I get on the train. There's a BusinessWeek on my seat. Maybe if I read it that will stop my chest from hurting. I open to Schwarzenegger. I feel sick, again, and I put my head down and I close it and I can't vomit on the train so I'm not going to. I close the magazine. I can't read. I can't look out the window. I can't open my eyes. Shit! I can't close them, apparently. My god, Linus Torvalds has a smarmy smile. I hate him. I hate everyone. Close my eyes. Nausea. Open. Linus Torvalds. Movement. Motion sickness? I'm not going to vomit. The woman in front of me is talking. I miss my regular train people. I never want to take the nine-fifteen train again, I don't like these people.
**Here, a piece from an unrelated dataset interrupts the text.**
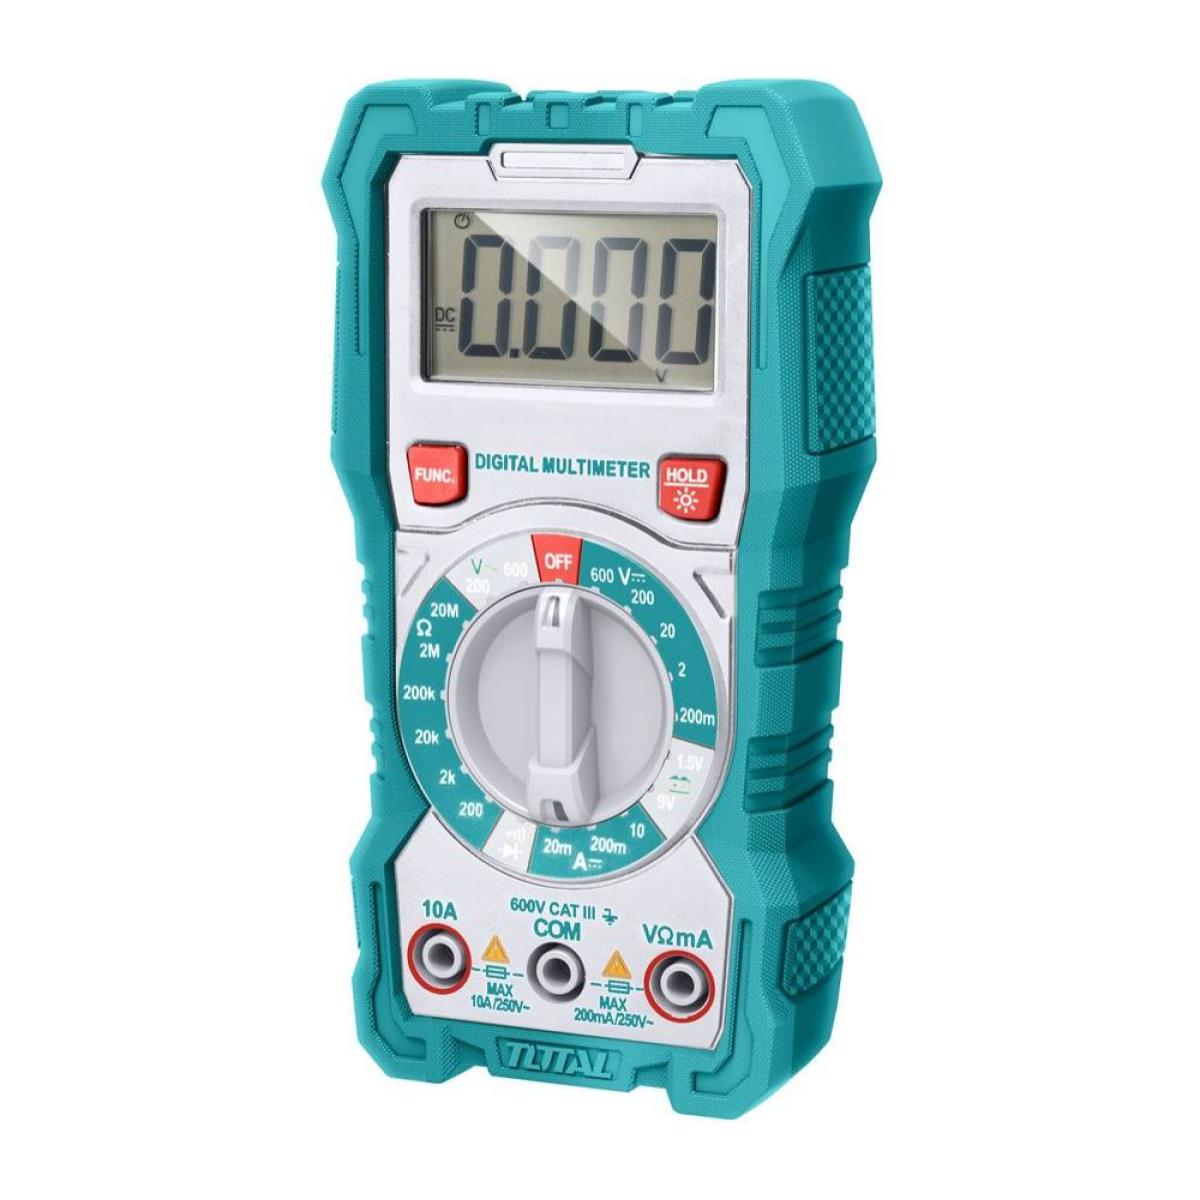 Tester Multimetro Digitale Pocket - 1999 counts

I do not like Linus fucking Torvalds. I throw the magazine across the seat and curl up into the fetal position. The pressure of my knees against my forehead makes my head hurt. I look up. "I'm sorry, Linus." My head hurts a little less. "I'm sorry, nice train people." I open my mouth without feeling sick. "I'm sorry, public train shelter." The heat lamps will melt the snow away and then it will start to smell. When I die, can it be warm and dry and unsticky? Please? Please? Please?
Sometimes the world is just begging you to quit and go home.